Configuration
robotmem uses a 3-layer configuration: dataclass defaults → ~/.robotmem/config.json → environment variables.
Config File
Location: ~/.robotmem/config.json (created automatically on first run)
Only non-default values need to be specified:
{
"embed_backend": "onnx",
"onnx_model": "BAAI/bge-small-en-v1.5"
}
All Settings
Database
| Setting | Default | Description |
|---|---|---|
db_path |
~/.robotmem/memory.db |
SQLite database file path |
Embedding
| Setting | Default | Description |
|---|---|---|
embed_backend |
"onnx" |
Embedding backend: "onnx" or "ollama" |
onnx_model |
"BAAI/bge-small-en-v1.5" |
FastEmbed ONNX model name |
onnx_dim |
384 |
ONNX model embedding dimension |
fastembed_cache_dir |
"" (system default) |
FastEmbed model cache directory |
embedding_model |
"nomic-embed-text" |
Ollama embedding model name |
embedding_dim |
768 |
Ollama model embedding dimension |
ollama_url |
"http://localhost:11434" |
Ollama API endpoint |
embed_api |
"ollama" |
Ollama API style: "ollama" or "openai_compat" |
Search
| Setting | Default | Description |
|---|---|---|
top_k |
10 |
Default number of results |
rrf_k |
60 |
RRF fusion constant (higher = more weight to lower ranks) |
Memory Defaults
| Setting | Default | Description |
|---|---|---|
collection |
"default" |
Default collection name |
default_confidence |
0.9 |
Initial confidence for new memories |
default_decay_rate |
0.01 |
Default time decay rate per day |
min_confidence |
0.3 |
Default minimum confidence for recall filtering |
Environment Variables
| Variable | Effect |
|---|---|
ROBOTMEM_HOME |
Override config/database directory (default: ~/.robotmem) |
# Example: use a project-specific database
export ROBOTMEM_HOME=/path/to/project/.robotmem
python -m robotmem
Embedding Backend Comparison
| Dimension | ONNX (default) | Ollama |
|---|---|---|
| Setup | Zero config | Requires ollama serve + model pull |
| Speed | ~5ms/query | ~20-50ms/query |
| Model size | 67MB (auto-downloaded) | 274MB (nomic-embed-text) |
| CPU/GPU | Pure CPU | CPU (GPU optional) |
| Offline | Fully offline after first download | Requires local Ollama server |
| Dimension | 384d | 768d |
| Quality | MTEB retrieval 51.68 | Higher for some tasks |
| Multilingual | Limited | Better with multilingual models |
Switch to Ollama
{
"embed_backend": "ollama",
"embedding_model": "nomic-embed-text",
"embedding_dim": 768,
"ollama_url": "http://localhost:11434"
}
ollama pull nomic-embed-text
OpenAI-Compatible API
For embedding servers that expose an OpenAI-compatible /v1/embeddings endpoint:
{
"embed_backend": "ollama",
"embed_api": "openai_compat",
"embedding_model": "your-model-name",
"embedding_dim": 768,
"ollama_url": "http://your-server:8080"
}
Database PRAGMA Settings
robotmem configures SQLite with production-optimized settings (not configurable):
| PRAGMA | Value | Rationale |
|---|---|---|
journal_mode |
WAL | Concurrent readers with single writer |
busy_timeout |
5000ms | Wait up to 5s for locked database |
synchronous |
NORMAL | Balance between safety and performance |
cache_size |
-8000 (8MB) | Reasonable memory usage for robot workloads |
Collections
Collections are logical namespaces for separating memories. Common patterns:
# Per-robot collections
start_session(collection="fetch-001")
start_session(collection="ur5e-003")
# Per-task collections
learn(insight="...", collection="grasping")

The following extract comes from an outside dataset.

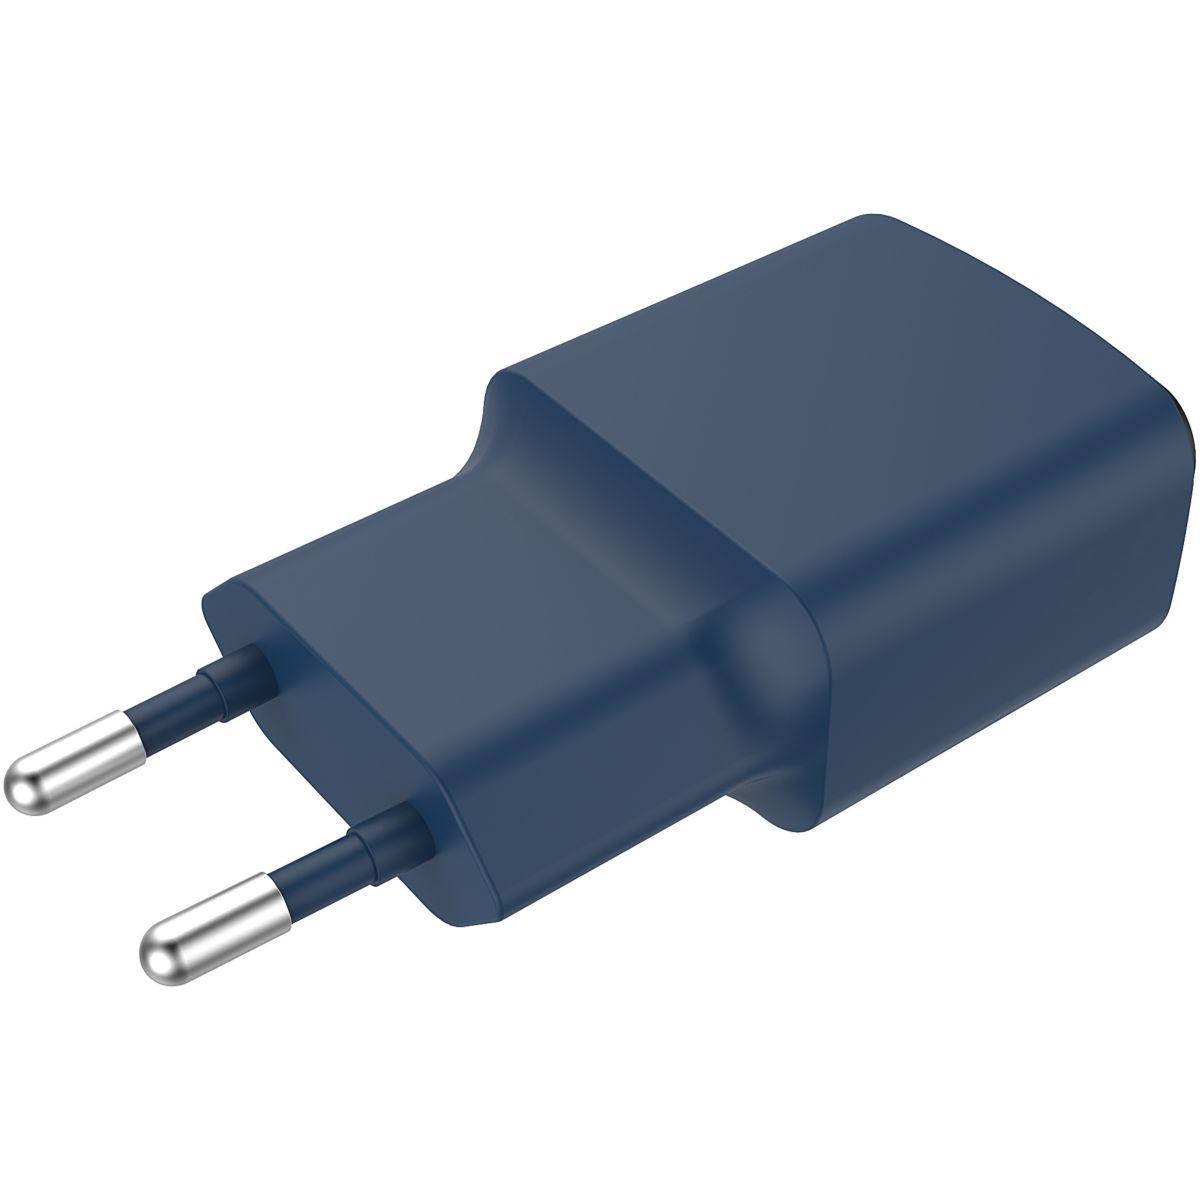 Essentielb USB 2,4A + Cable Micro USB noir Chargeur

learn(insight="...", collection="navigation")
# Default collection
learn(insight="...") # uses "default"
All recall, learn, save_perception tools accept a collection parameter.
Graceful Degradation
robotmem is designed to work even when components fail:
| Component | Failure | Behavior |
|---|---|---|
| sqlite-vec | Not installed | Vector search disabled, BM25-only |
| Embedding (ONNX/Ollama) | Model unavailable | Vector search disabled, BM25-only |
| jieba | Not installed | CJK tokenization disabled, English search works |
| FTS5 | Creation fails | Full-text search disabled (rare) |
The MCP tools always return a valid response — errors are logged but never crash the server.